For further information
Contact Investor Relations
Toll Free (North America) Tel: 1-855-805-1250
Email: info@liononemetals.com
Website: www.liononemetals.com

Neither TSX Venture Exchange nor its Regulation Services Provider (as that term is defined in the policies of the TSX Venture Exchange) accepts responsibility for the adequacy or accuracy of this release.
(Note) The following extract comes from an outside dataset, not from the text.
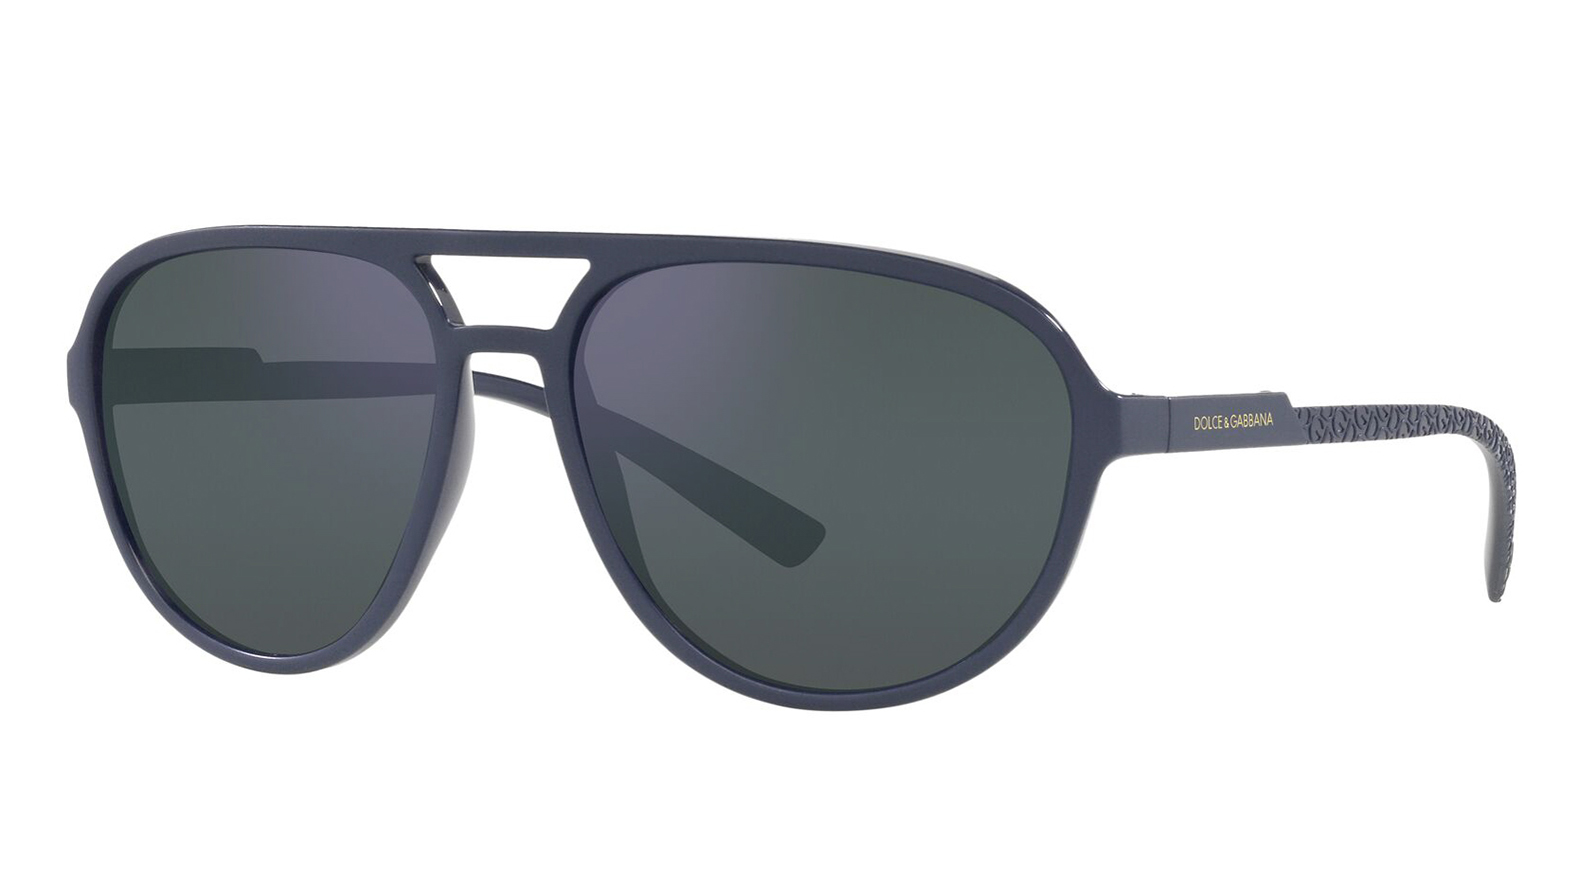 Dolce&Gabbana 6150 329625 uv400 поляризованные солнцезащитные очки верховая езда велосипед спортивные солнцезащитные очки водитель очки

Forward-Looking Information

This news release contains forward‐looking statements and forward‐looking information within the meaning of applicable securities laws. All statements other than statements of historical fact may be forward‐looking statements or information. Forward-looking statements are frequently identified by such words as "may", "will", "plan", "expect", "anticipate", "estimate", "intend" and similar words referring to future events and results. The forward‐looking statements and information are based on certain key expectations and assumptions made by management of the Company. Forward-looking statements made in this news release include statements regarding the anticipated use of proceeds of the LIFE Offering, the outlook of the Company following completion of the LIFE Offering and the final approval of the TSX-V. Although management of the Company believes that the expectations and assumptions on which such forward-looking statements and information are based are reasonable, undue reliance should not be placed on the forward‐looking statements and information since no assurance can be given that they will prove to be correct.
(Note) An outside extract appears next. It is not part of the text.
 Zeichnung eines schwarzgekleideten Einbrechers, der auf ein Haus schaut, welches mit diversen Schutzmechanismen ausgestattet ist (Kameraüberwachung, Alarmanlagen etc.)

Forward-looking statements and information are provided for the purpose of providing information about the current expectations and plans of management of the Company relating to the future. Readers are cautioned that reliance on such statements and information may not be appropriate for other purposes, such as making investment decisions. Actual results could differ materially from those currently anticipated due to a number of factors and risks, including, with respect to the LIFE Offering; the conditions of the financial markets; availability of financing; timeliness of completion of the LIFE Offering; the timing of TSX-V approval; with respect to the use of proceeds, the sufficiency of the proceeds; the speculative nature of mineral exploration and development; fluctuating commodity prices; and competition, as described in more detail in our recent securities filings available at www.sedarplus.ca. Accordingly, readers should not place undue reliance on the forward‐looking statements and information contained in this news release. Readers are cautioned that the foregoing list of factors is not exhaustive. The forward‐looking statements and information contained in this news release are made as of the date hereof and no undertaking is given to update publicly or revise any forward‐looking statements or information, whether as a result of new information, future events or otherwise, unless so required by applicable securities laws. The forward-looking statements or information contained in this news release are expressly qualified by this cautionary statement.